The FDA evidently managed to surprise the die-hard supporters of Trevena today by rejecting their controversial pain drug oliceridine — sending their shares $TRVN down 34% in a deep plunge into penny stock territory.
According to the biotech — which gets to outline what the agency is demanding ahead of its next review — the FDA is demanding a lot more safety data. That includes more data on QT prolongation and a bigger safety database for the drug. The “FDA also requested certain additional nonclinical data and validation reports.”
The FDA wasn’t saying no to every new pain drug, though, despite its concerns about the opioid epidemic that has spurred alarm from coast to coast. AcelRx came up with their long-awaited approval for Dsuvia (ARX-04), driving the stock $ACRX up 16%.
Their drug won a lopsided panel review vote, but still drew flak as critics pounced on the introduction of another powerful pain med that could be ripe for abuse. In a statement, FDA chief Scott Gottlieb countered his critics by noting the need for a non-IV opioid as well as the defense department’s demand for a therapy that would be beneficial on the battlefield.

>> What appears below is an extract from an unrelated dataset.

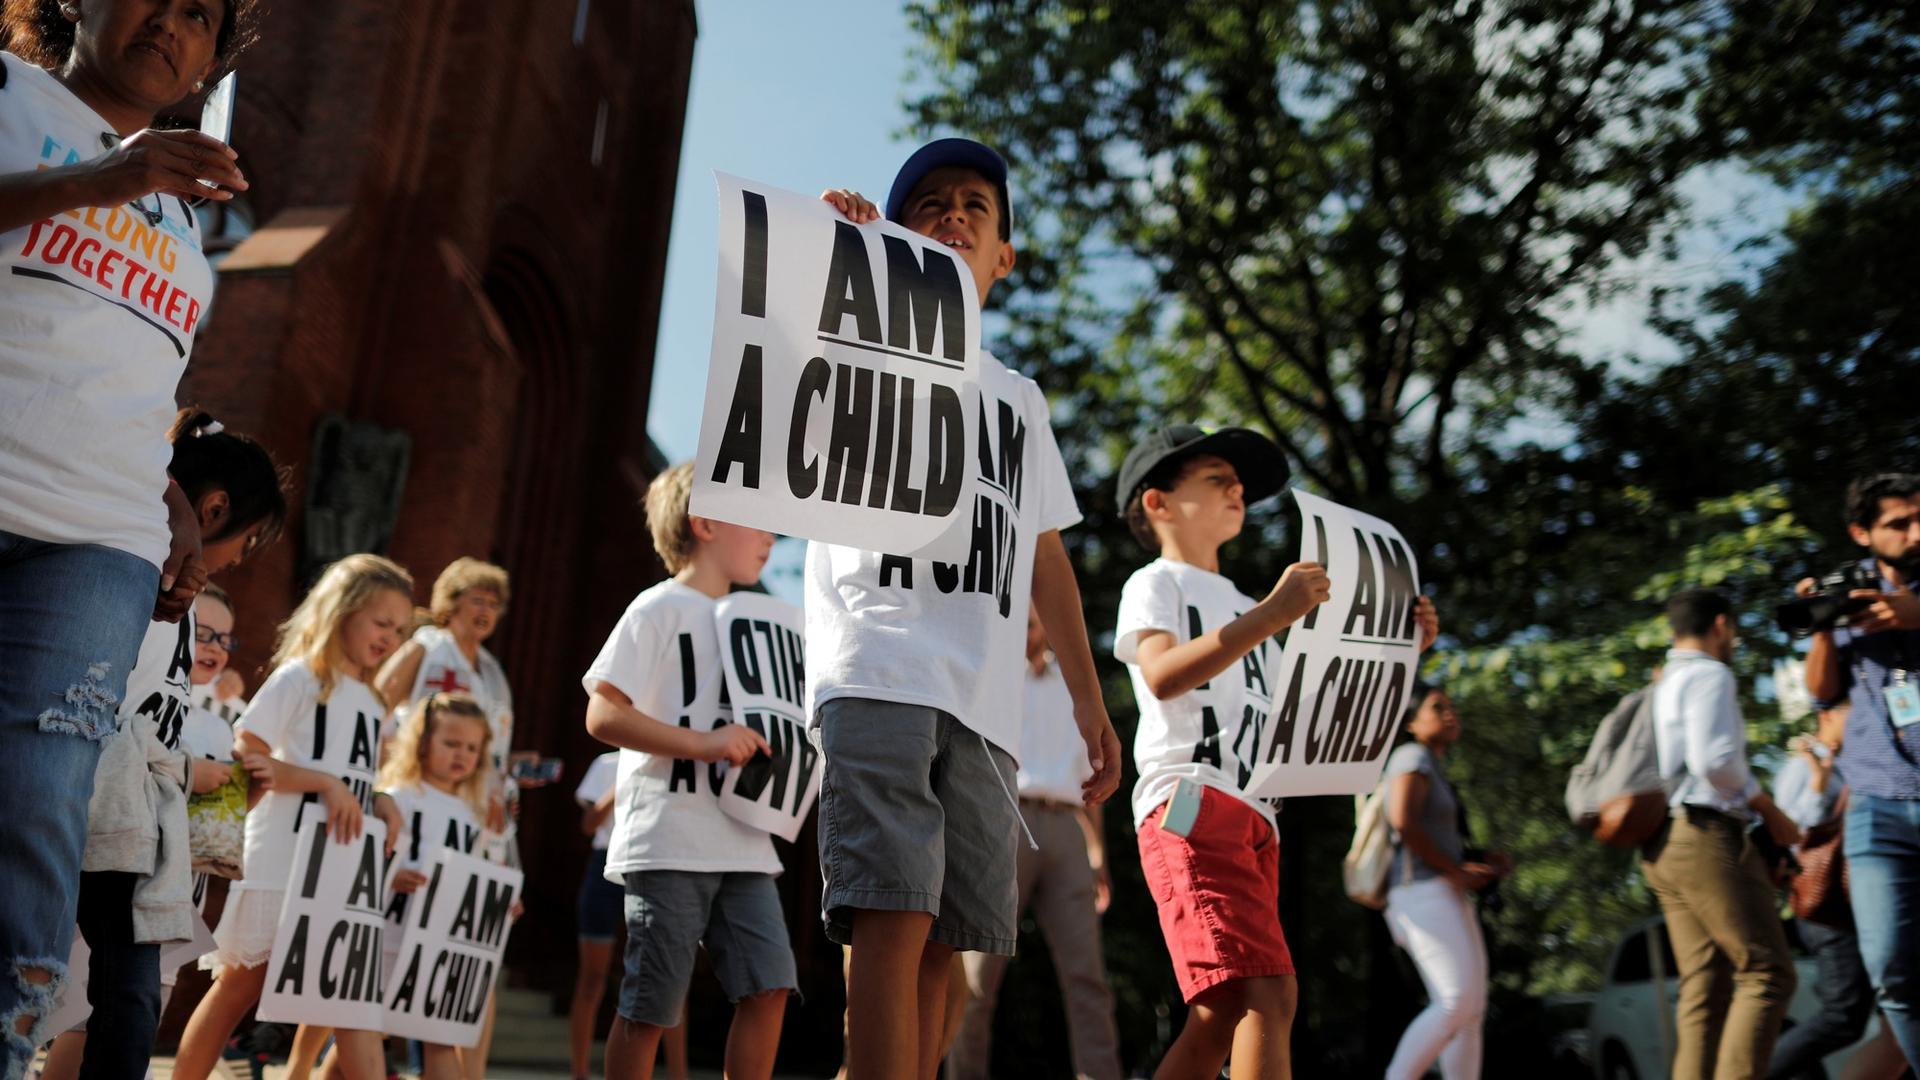 Children carry signs during a protest march in Washington DC, that read 'I am a child.'

Trevena plans to continue to plug along in search of an OK, but the penny stock price indicates the fierce headwinds they face after the agency’s internal review offered a harsh assessment of the drug’s safety and mixed efficacy results.
A panel review followed up with a vote against approval, offering all the writing on the wall needed for most analysts.
Trevena still faces accusations that the company misled investors about their interactions with the FDA over their development program.
Attorneys at Bernstein Liebhard accused Trevena execs, specifically ex-CEO Maxine Gowen — who stepped down a few days ago — of misleading investors about an end-of-Phase II meeting with the FDA. At the time, they noted, Gowen said in a May 2, 2016 release that she was “very pleased” with the outcome of its discussions with the FDA about oliceridine (TRV130) and that they had reached a general agreement about the Phase III design. The agency, though, outlined some deep problems the FDA had with that study in their review of the drug.